The US should encourage and use its considerable leverage on the Egyptian military and the current civilian authority to seek an inclusive transitional government that represents all segments of the population for at least four years.

This minimum transitional period is necessary to allow for the development of democratic institutions, institutionalization of free press and freedom of speech while developing the culture of advice and consent.

To be sure, no democratic form of government can be accomplished, let alone sustained, by rushing for quick fixes under the banner of democratic reforms.

Although the MB has thus far refused to participate, the party will sooner than later have to choose between continuing resistance and being forced to go underground, or becoming a part of the new political process. The MB is not suicidal and knows that there is no future for the movement if it remains politically excluded.

The transitional government should be composed of respected and skilled bureaucrats, experts respected in their fields, known for their commitment to the national interest and ready to dedicate their time and energy for the future of their country.

Such a government would then chose legal scholars representing all segments of the population to assume the task of writing a new constitution that enshrines human rights, including political and religious freedoms.

The different political parties, old and new, would develop their platforms and present them to the public, allowing the people to choose intelligently and freely the party of their choice.

The idea here is that regardless of the continuing violent conflicts and diametrically opposing views, the message from the West must remain the same: a representative and inclusive transitional government should govern for at least four years to be followed by general elections based on the new constitution.

The army will remain the custodian for national security and relinquish its internal security functions once a new government is elected.

No one can suggest that this is an easy path, free of hurdles.
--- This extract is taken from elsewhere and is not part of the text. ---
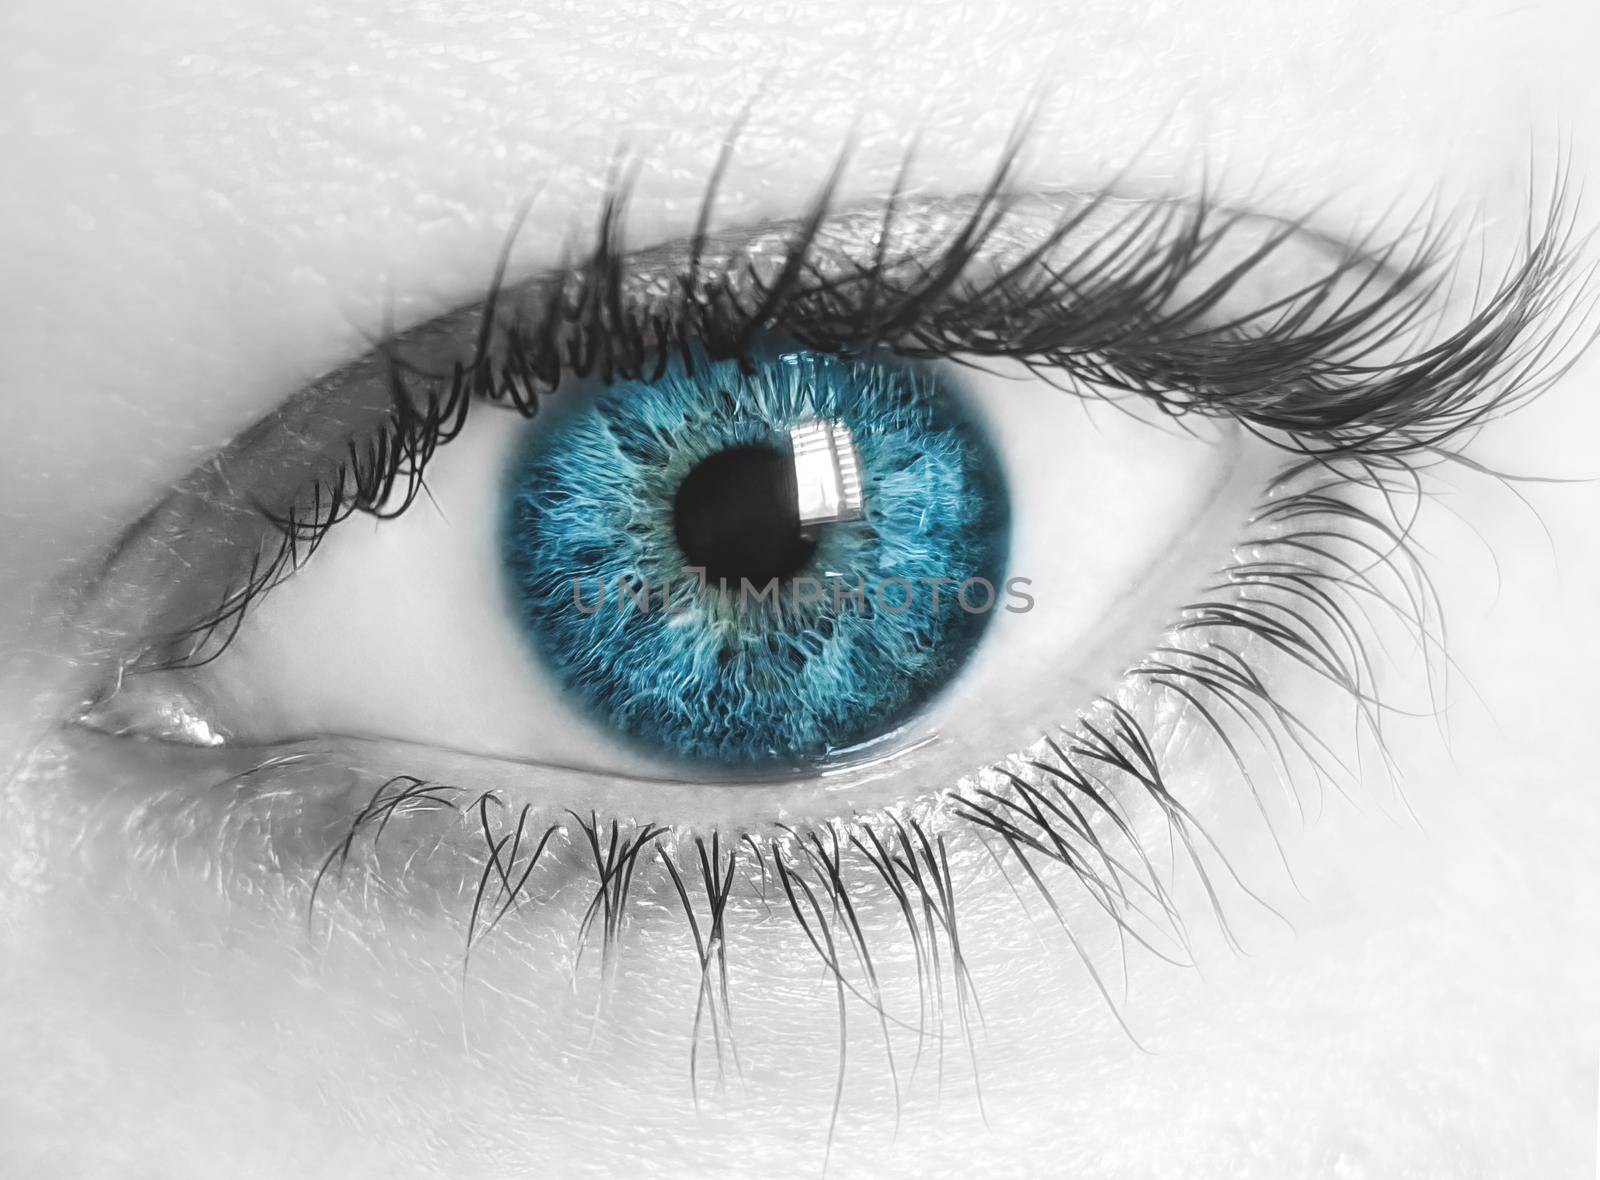 Close-up macro image of human eye with blue iris and desaturated skin by Nickstock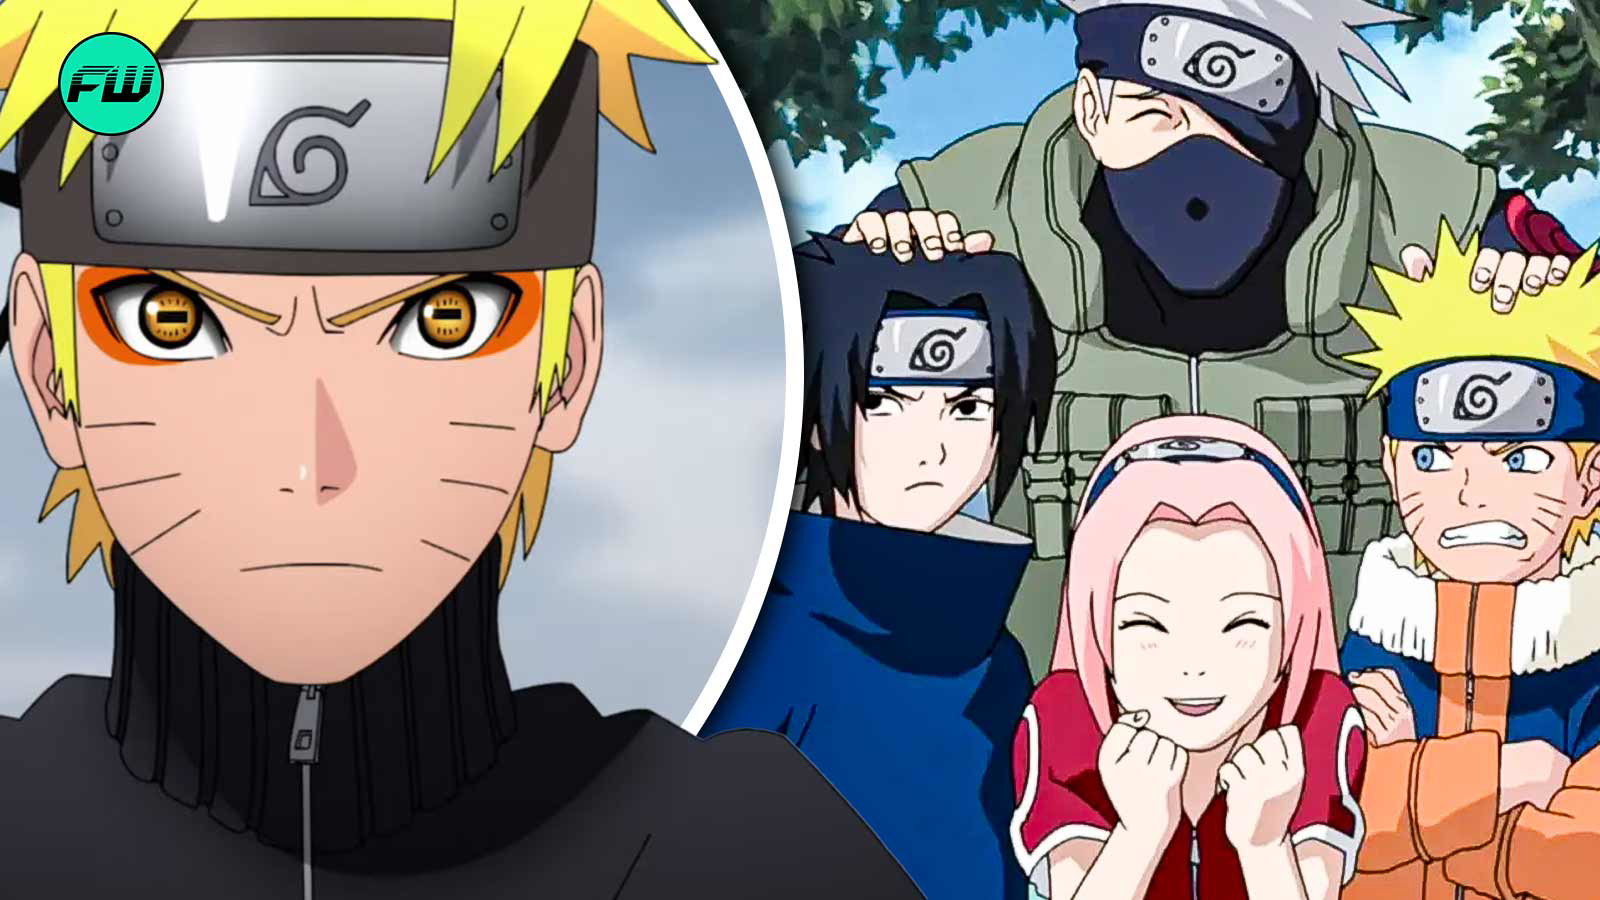 “I didn’t want people to know where the story takes place”: Masashi Kishimoto Went Above and Beyond to Make Sure Naruto Never Became a Stereotypical Ninja Story

But the US must have a consistent message and avoid being seen as hypocritical in dealing with the inevitable continuing upheavals engulfing various Arab states.

The US could have used its leverage on the Egyptian military following the fall of Hosni Mubarak to form an inclusive transitional government (including the Brotherhood) for at least four years. In so doing the US might have been able to dramatically change the political landscape and avoid the unfolding violent conflict and instability.

Sadly, the West (led by the US) is about to commit the same mistake again, once more depriving Arab youth of the opportunity to grow and flourish under sustainable democratic governance.

The writer is a professor of international relations and Middle East studies at the Center for Global Affairs at New York University.